PROBLEM: The pictures in the data below are to be omitted; all else must be duplicated exactly.

DATA BLOCK:
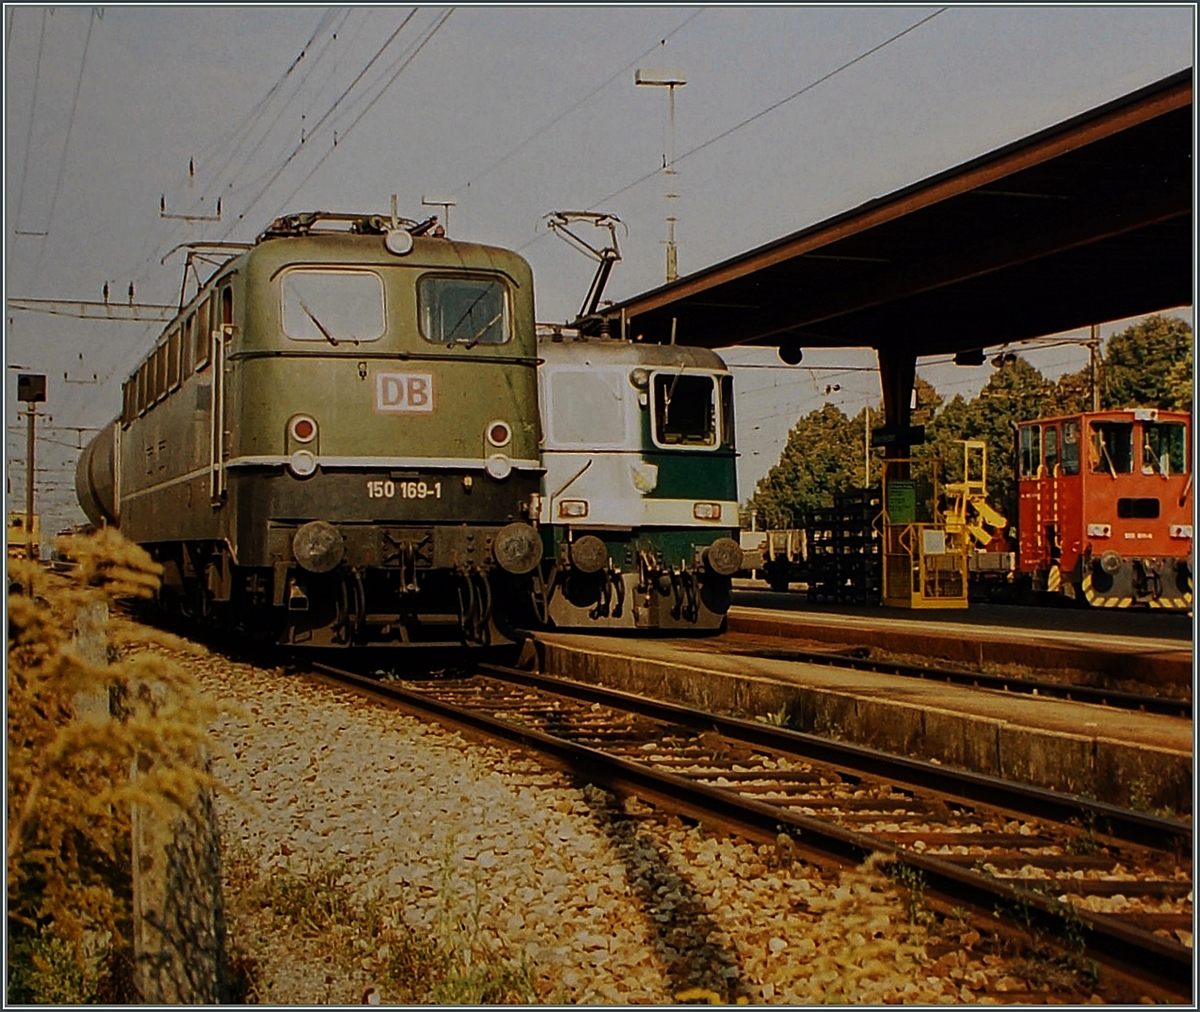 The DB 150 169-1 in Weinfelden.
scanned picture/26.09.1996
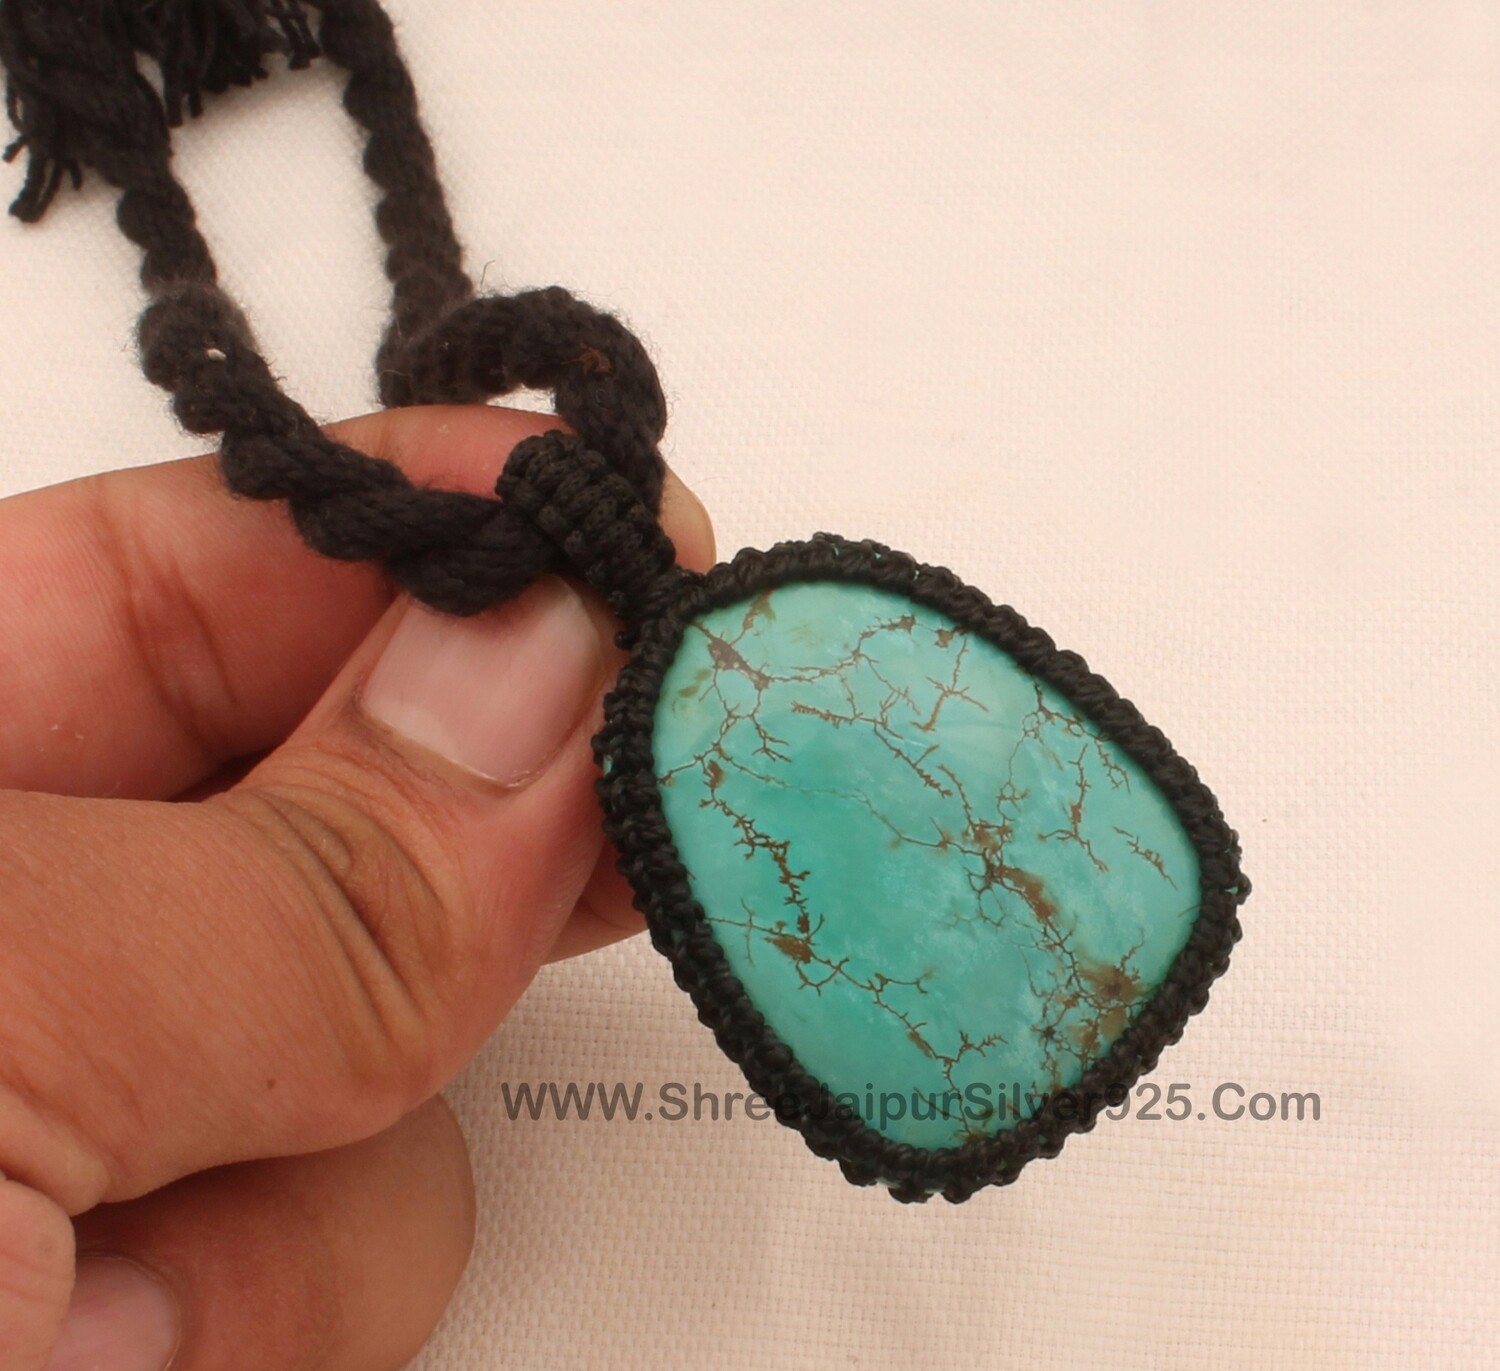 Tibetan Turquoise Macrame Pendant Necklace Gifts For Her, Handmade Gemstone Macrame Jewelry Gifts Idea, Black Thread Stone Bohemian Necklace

ANSWER TO THE EXERCISE:
 The DB 150 169-1 in Weinfelden.
scanned picture/26.09.1996
 Tibetan Turquoise Macrame Pendant Necklace Gifts For Her, Handmade Gemstone Macrame Jewelry Gifts Idea, Black Thread Stone Bohemian Necklace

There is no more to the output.